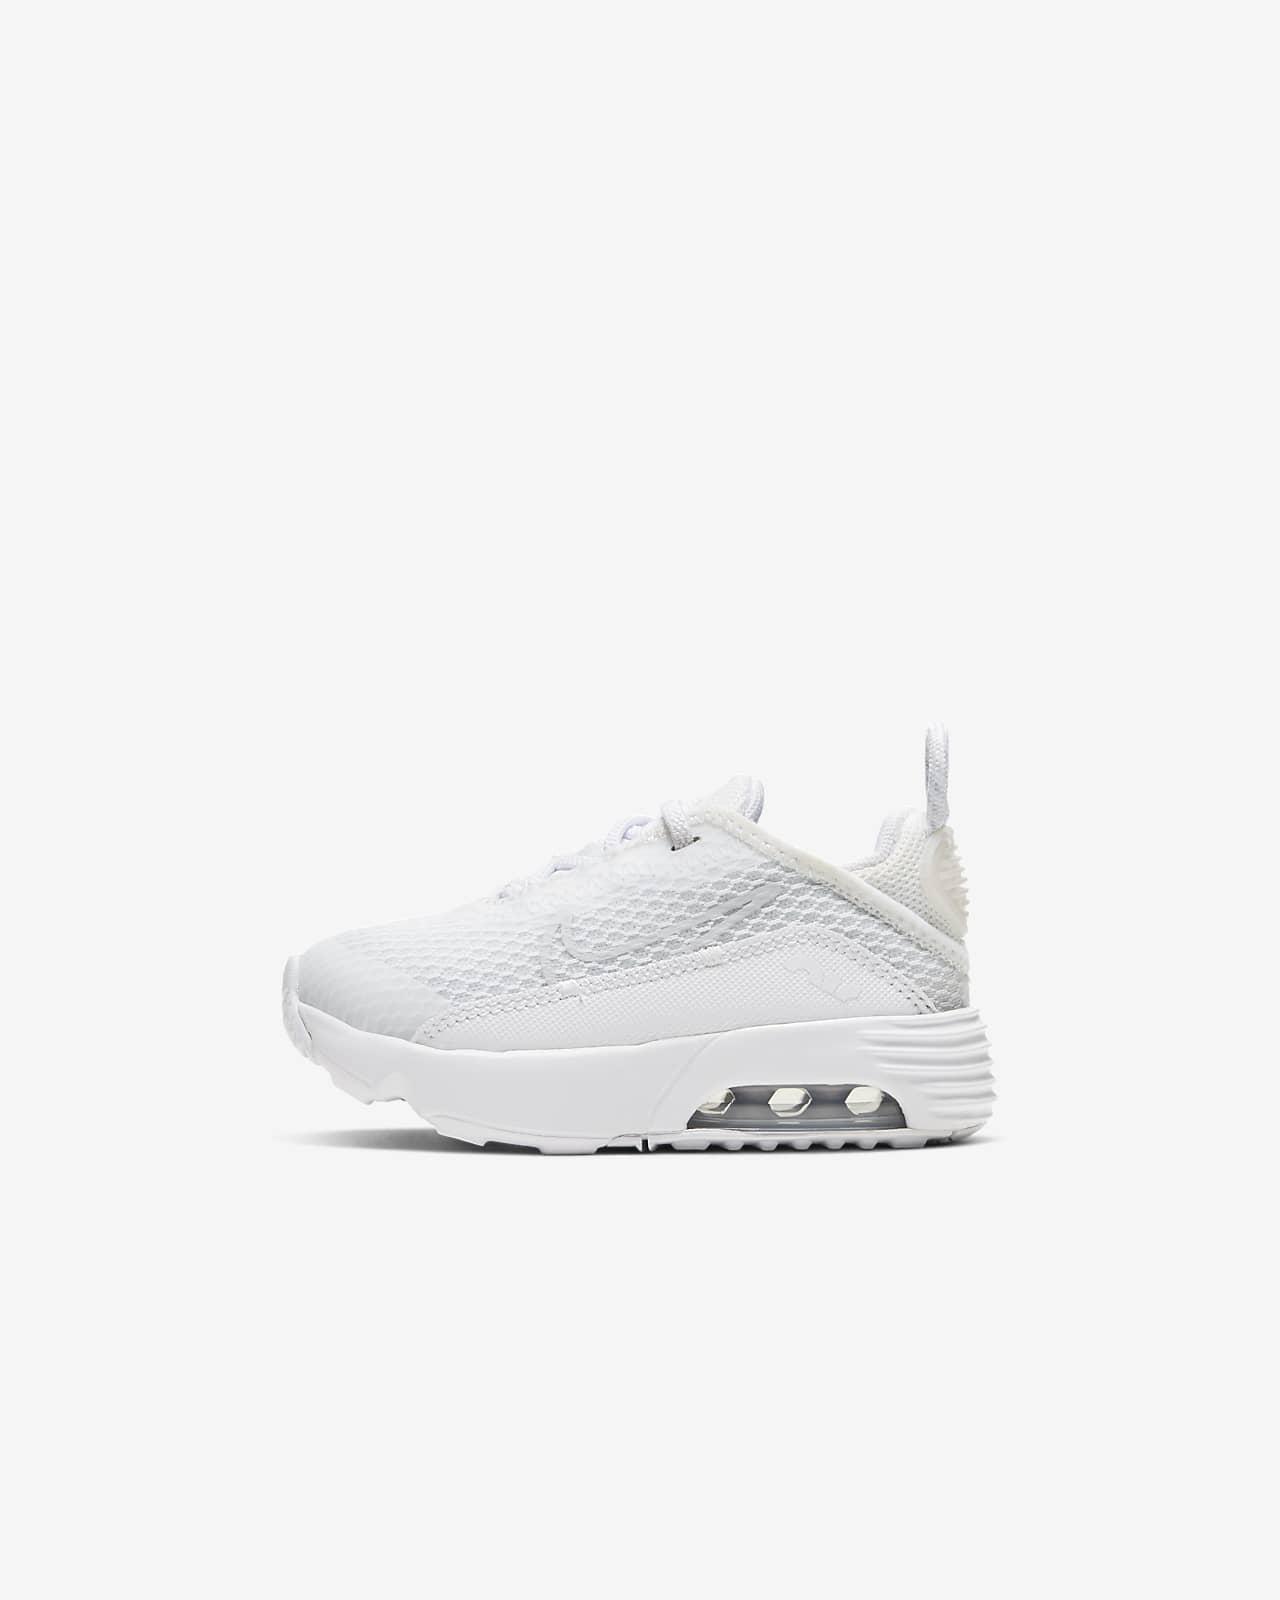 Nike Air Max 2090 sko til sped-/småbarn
--
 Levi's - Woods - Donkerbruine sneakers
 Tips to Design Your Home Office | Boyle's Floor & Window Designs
* * *
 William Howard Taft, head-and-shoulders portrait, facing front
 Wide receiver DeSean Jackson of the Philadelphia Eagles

■ **About this exercise**
Extract the lines of the preceding material that run from the line with "Levi's - Woods - Donkerbruine sneakers" through the line with "Tips to Design", inclusive, reproducing them exactly and adding nothing.

■ **Result for this exercise**
 Levi's - Woods - Donkerbruine sneakers
 Tips to Design Your Home Office | Boyle's Floor & Window Designs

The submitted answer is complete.